England 1200-1640 by G. R. Elton hits the £1 shelf in my shop.
The Sources of History/Hodder & Stoughton, 1969, Hardback in dust wrapper.
From the cover: In the year 1200, the English Government initiated regular series of record-archives; in 1640, the fall of Charles Is personal government led to the abolition of several central offices and their archives. These events, which both profoundly altered the state of the evidence for the historian, therefore set the limits of this book. For though those 450 years must be studied from a great variety of sources, to the historian they constitute above all the period for which he depends overwhelmingly on official records of all kinds. The core of this book, therefore, is an analysis and description of such materials their origin, present state and usefulness. However, other materials are not ignored, from the chronicles which provide the main outline of the history that can be known, through the records of the law, private letters (almost non-existent before 1450, suddenly plentiful after 1550) and estate documents, to less familiar historical sources like books, buildings and landscape, and the contribution of the archaeologist.

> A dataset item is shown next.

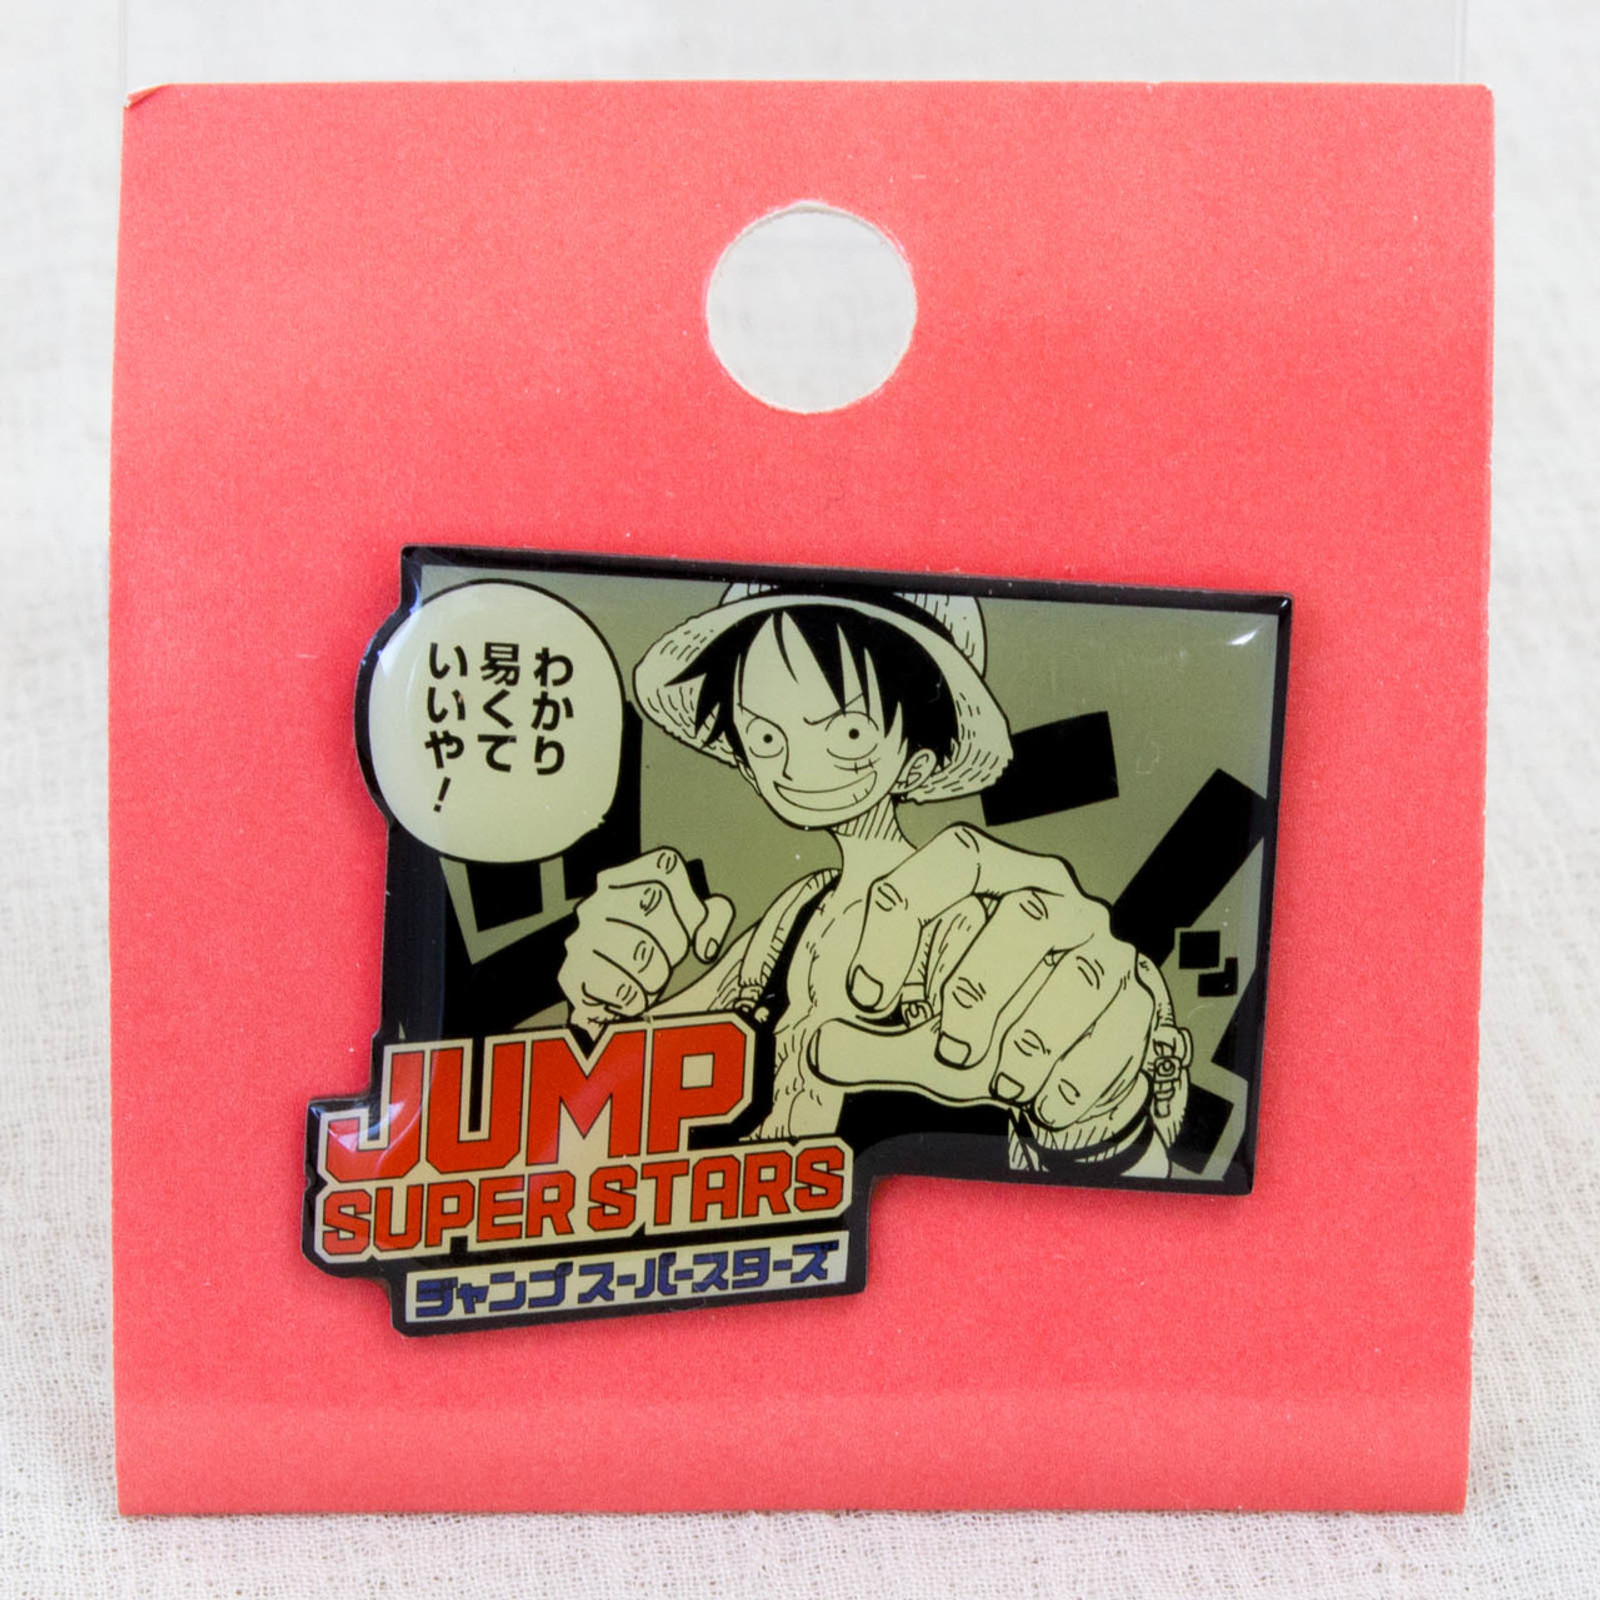 Shonen Jump Super Stars Pins ONE PIECE Luffy JAPAN ANIME MANGA

A final chapter sums up the state of the evidence, assesses the sort of history which can be written on this period, and draws attention to gaps that can be filled as well as questions which are likely to remain for ever unanswered.
Very Good in Good Dust Wrapper. Gently faded at the spine of the dust wrapper with a short, closed, tear to the head of the upper panel. Text complete, clean and tight.
Black boards with Gilt titling to the Spine.
255 pages. Index. 8¾” x 5¾”.
In the The Sources Of History: Studies In The Uses Of Historical Evidence series.
This book will be listed, sooner or later, for £6.50 on my delightful website… (added to my History category.) but get 50% off buying from my blog… below…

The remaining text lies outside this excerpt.